Lathyrus Latifolius Jewels

Such minimal bright light as we enjoyed today graced us early this morning. Thereafter our vision became more and more dingy.

In order to provide me with as clear a view of the bird feeders as possible our friend from AP Maintenance cleaned our sand blasted windows. This is not the usual use of the phrase sand blasted. It is what happens when the gravel pit vehicles make their daily trips past the front of our house.

 

I did manage shots of a great tit partaking of peanuts

and suet balls a little earlier. Such is their timidity that these birds swivel around clinging to their perch after each peck in order to ensure their security.

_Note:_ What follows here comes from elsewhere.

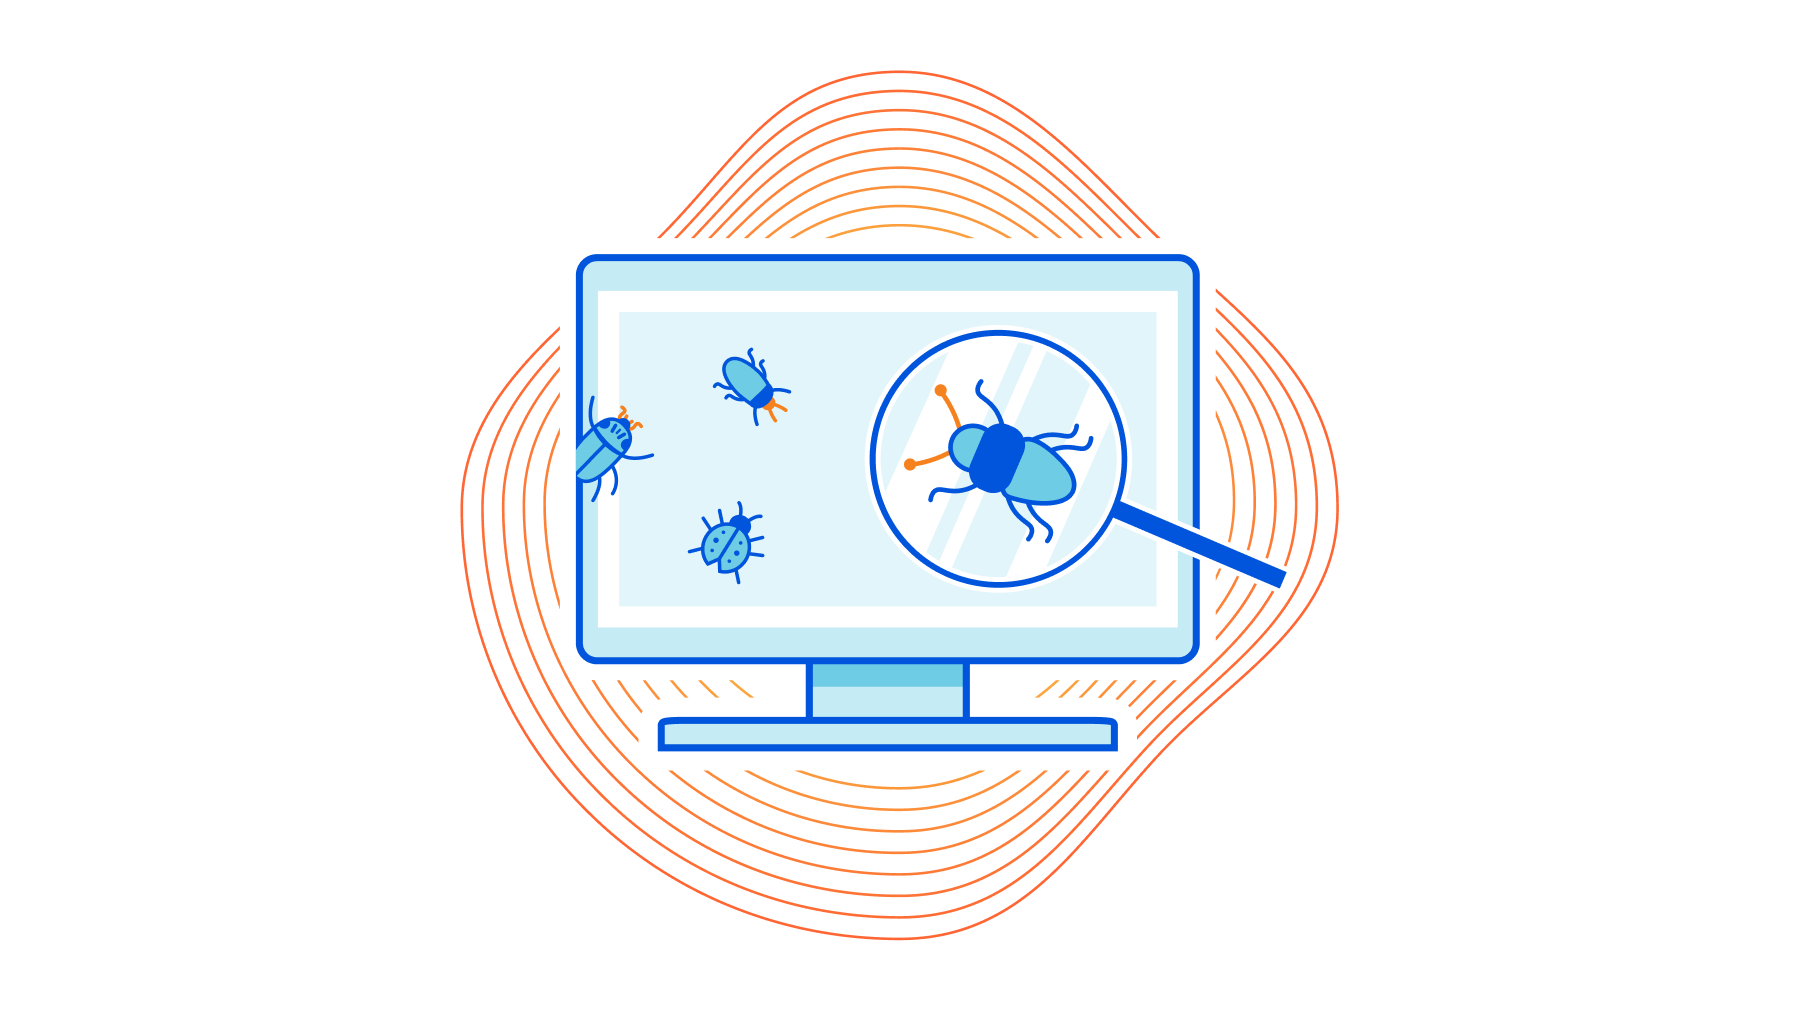 Announcing the public launch of Cloudflare's bug bounty program

Before the heavier rain descended Jackie alerted me to the bejewelled nature of our garden plants, such as

the outstretched Japanese maple

and drooping Weeping Birch branches;

the fuchsias like Delta’s Sarah;

the spiky New Zealand phormium;

rose bush petals;

fallen leaves;

and the calligraphic curlicues of the lathyrus latifolius (everlasting sweet pea).

When not eyeing his own robin feeder, Nugget, “Where’s Nugget?” (48),

foraged on a bed of crocosmia stubble cleared earlier by Aaron.

For this evening’s dinner, which I relished, Jackie produced succulent roast pork; crisp Yorkshire pudding; piquant cauliflower cheese; creamy mashed potato; crunchy carrots; and tender cabbage, with which she drank Hoegaarden and I drank Mendoza Parra Alta Malbec 2017.